Passing and R6 Class to Quarto
Quarto has many improvements over RMarkdown, plus a couple of limitations, one being that you cannot pass R objects as parameters to a Quarto document in the way the RMarkdown would accept them. Quarto receives parameters serialized as yaml, so only text, numeric, boolean (received as TRUE="yes" and FALSE="no") and lists can be passed. There are instances when you may wish to pass a complex object, for example an R6 class instance, as a paramater for Quarto. One way to do this is to first serialize the object and then pass it as a serialized JSON object.
Preparing data
The code below simply creates a data frame and a list. The data frame contains 1000 rows and 1000 columns and the list contains 1000 members.
1n_row <- 1000
2n_col <- 1000
3
4d <- as.data.frame(matrix(rnorm(n_row * n_col), n_row, n_col))
5l <- as.list(rnorm(n_row))
In order to explore passing data vs. passing an R6 class we'll create a simple R6 class:
1R <- R6::R6Class("R",
2 public = list(
3 data = NULL,
4 list = NULL,
5 initialize = function(data = NULL, list = NULL) {
6 self$data = data
7 self$list = list
8 }
9 )
10)
This class simply holds the data frame and list and returns them. We can create an instance of the class with the data defined above as follows:
1r <- R$new(data = d, list = l)
Quarto Doc 1 - sending data frame and list as parameters
The first Quarto document, quarto_01.qmd
accepts two parameters - a data frame and a list.
1---
2title: "data test 01"
3format: html
4engine: knitr
5params:
6 mydata: NULL
7 mylist: NULL
8---
9
10Imported two items: tibble and list.
11Number of rows in tibble: `r nrow(params$mydata)`
12Number of items in list: `r length(params$mylist)`
Rendering the Quarto document produces the following output. It should be noted that when rendered, the data frame is passed as a list since Quarto does not have a concept of data frames and therefore the term nrow(params$mydata)
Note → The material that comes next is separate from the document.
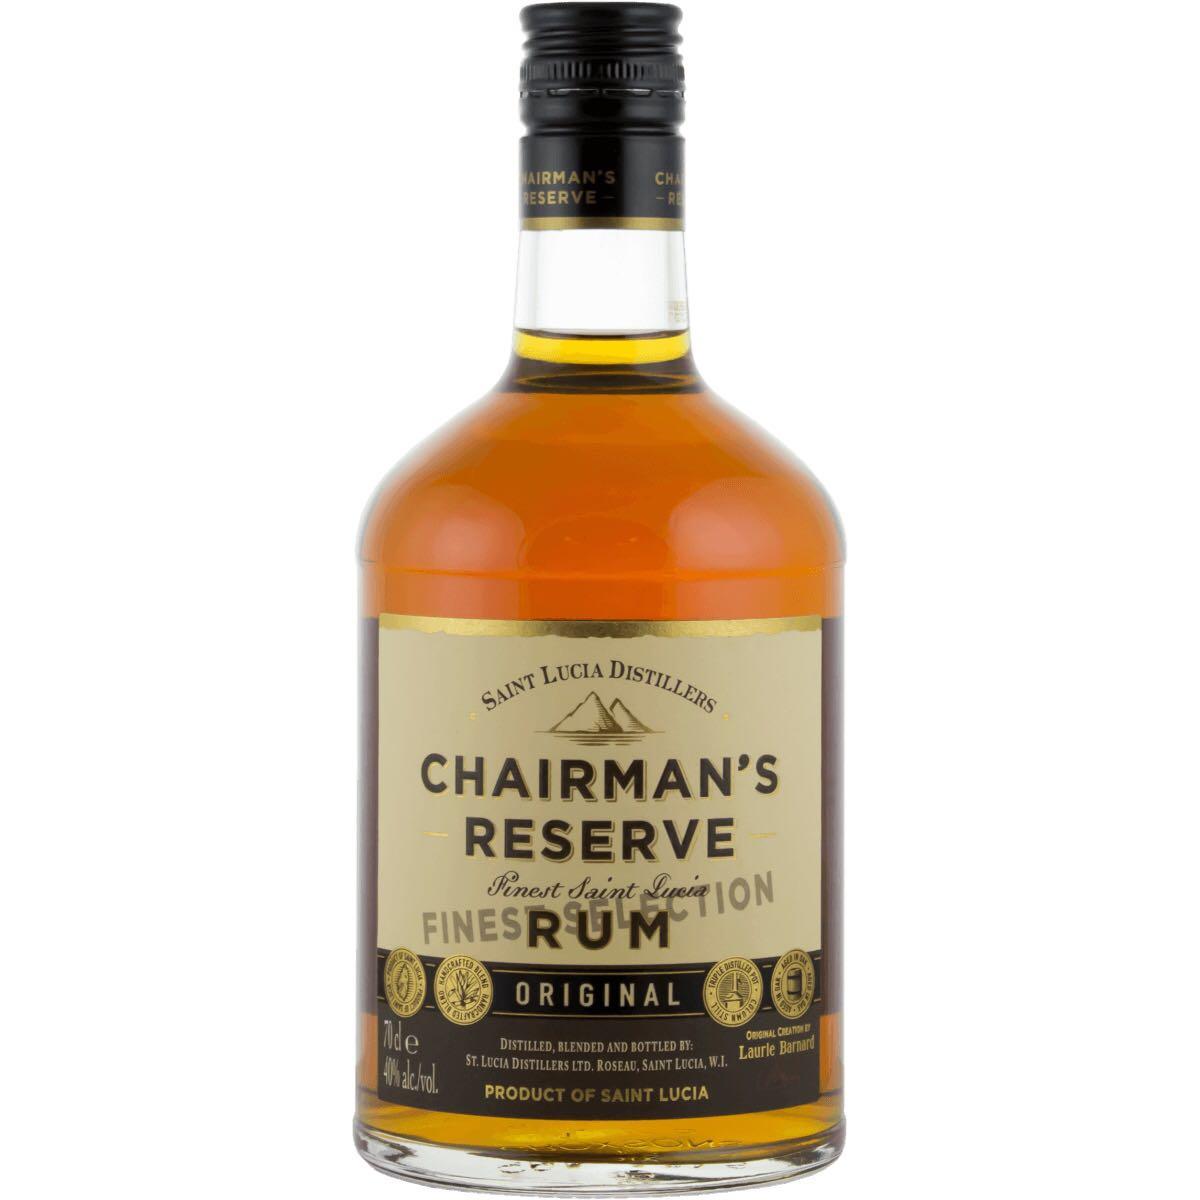 Bottle image of Chairman's Reserve Original

fails to report the number of rows.
1quarto::quarto_render("quarto_01.qmd", execute_params = list(mydata = d, mylist = l))
In order to pass the data frame we'll need to serialize it to a JSON representation and unserialize it once passed. We can do this using {jsonlite} as follows:
1---
2title: "data test 01A"
3format: html
4engine: knitr
5params:
6 mydata: NULL
7 mylist: NULL
8---
9
10```{r}
11#| echo: false
12df <- jsonlite::fromJSON(params$mydata)
13```
14
15Imported two items: data frame and list.
16Number of rows in data frame: `r nrow(df)`
17Number of items in list: `r length(params$mylist)`
Now when rendered, we get the following output:
1quarto::quarto_render("quarto_01A.qmd", execute_params = list(mydata = jsonlite::toJSON(d), mylist = l))
Quarto Doc 2 - sending the R6 class instance as a parameter
The final Quarto document, quarto_02.qmd
accepts just a single parameter for the R6 class instance. In this case we serialize the R6 class and then pass it using jsonlite::JSONserialize()
. When received by the Quarto document we simply reverse the procedure. The class itself has to be serialized first as using jsonlite::JSONserialize()
on the class instance, r
results in passing the class structure as a parameter and not the class instance.
1---
2title: "data test 02"
3format: html
4engine: knitr
5params:
6 my_serialized_class: NULL
7---
8
9```{r}
10#| echo: false
11r_class <- unserialize(jsonlite::unserializeJSON(params$my_serialized_class))
12```
13
14Imported one items: R6 class.
15Number of rows in data frame: `r nrow(r_class$data)`
16Number of items in list: `r length(r_class$list)`
Rendering the document leads to the expected output.
1param_r6 <- jsonlite::serializeJSON(serialize(r, connection = NULL))
2quarto::quarto_render("quarto_02.qmd", execute_params = list(my_serialized_class = param_r6))
Performance
Times to render (including serializing and deserializing) are shown below. Surprisingly passing the R6 class was faster than than the data frame.
description | time (secs) |
---|---|
data frame and list, no serialization | 9.0 |
data frame and list, data frame serialized | 13.9 |
R6 class, serialized | 5.4 |
The effect is even more pronounced as the quantity of data increases. When n_row is increased 10-fold to 10000, the times become:
description | time (secs) |
---|---|
data frame and list, no serialization | 43.5 |
data frame and list, data frame serialized | 80.3 |
R6 class, serialized | 14.3 |
Conclusion
Complex objects, such as R6 classes, can be used in parameterized Quarto documents if properly serialized. Passing a serialized R6 class is more efficient than passing an equivalent data frame / list combination.